Work to complete:
Would you mind restating all of the records word for word, skipping the pictures?

Records from a data collection:
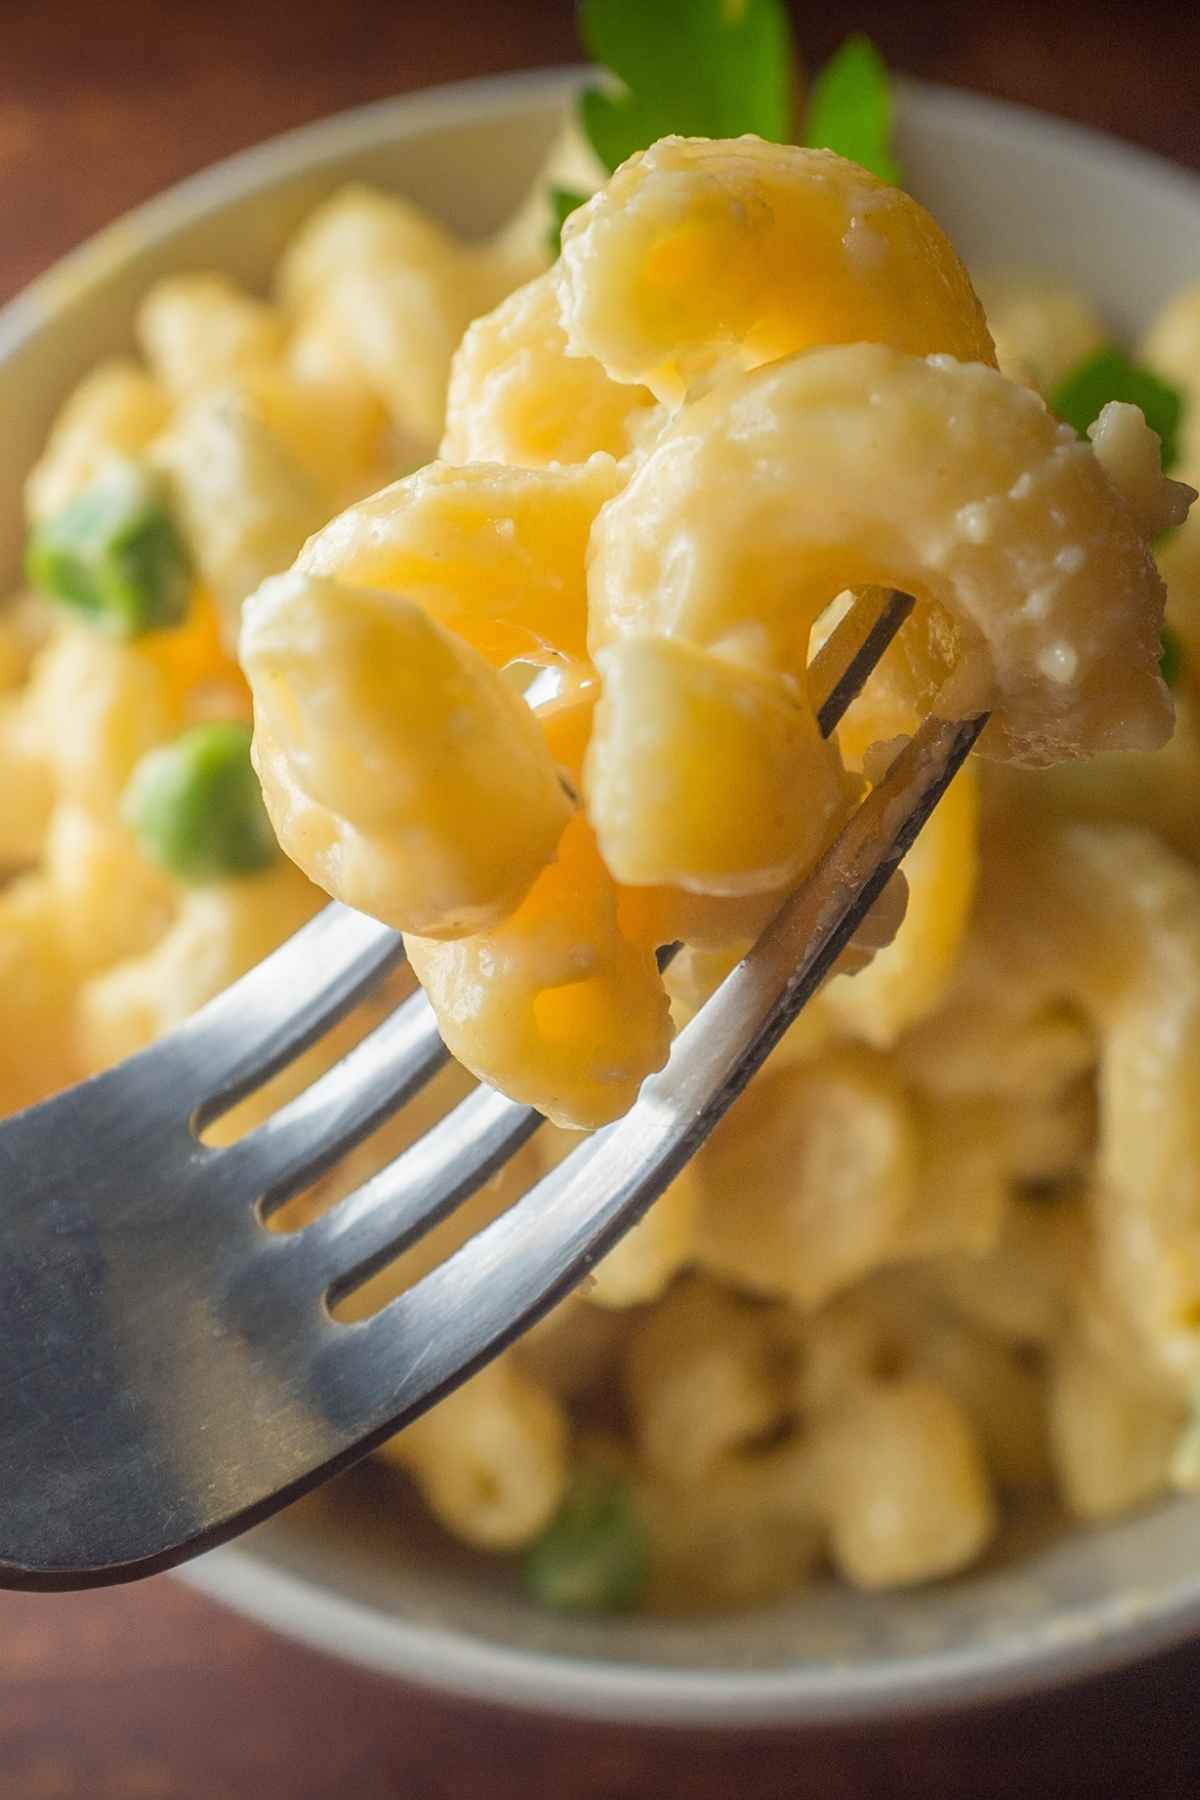 If you’re looking for a meal to treat yourself or someone else, this dish should do the trick. Truffle Mac and Cheese is like nothing you’ve ever tasted! It’s perfect for special occasions and celebrations, or a cozy night at home.
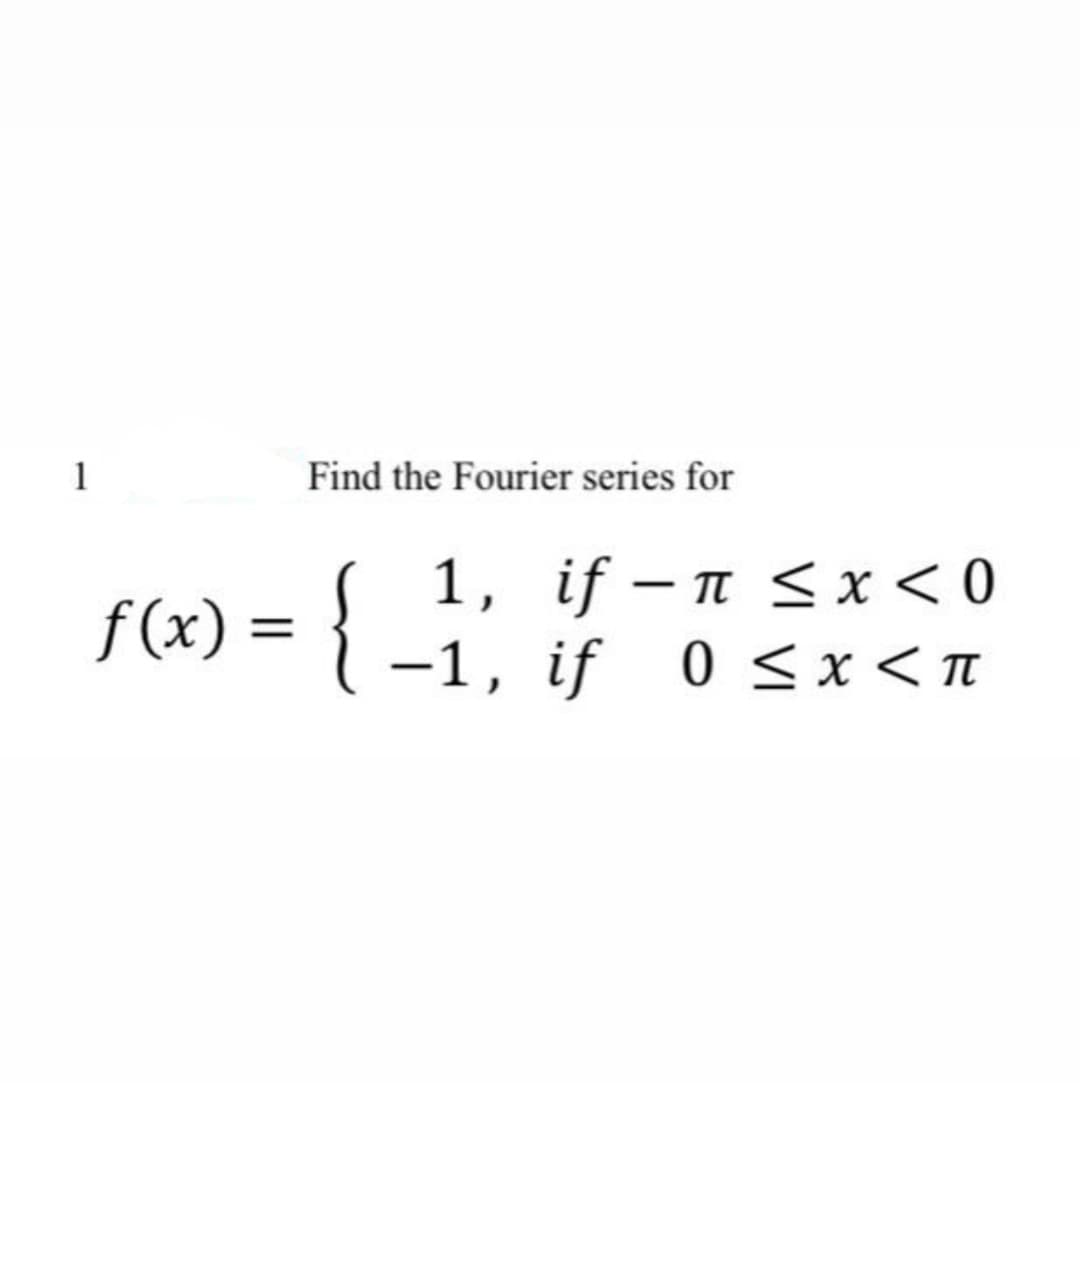 1
Find the Fourier series for
{
1, if – n <x < 0
-1, if 0 <x<n
f (x)
|

Result for this task:
 If you’re looking for a meal to treat yourself or someone else, this dish should do the trick. Truffle Mac and Cheese is like nothing you’ve ever tasted! It’s perfect for special occasions and celebrations, or a cozy night at home.
 1
Find the Fourier series for
{
1, if – n <x < 0
-1, if 0 <x<n
f (x)
|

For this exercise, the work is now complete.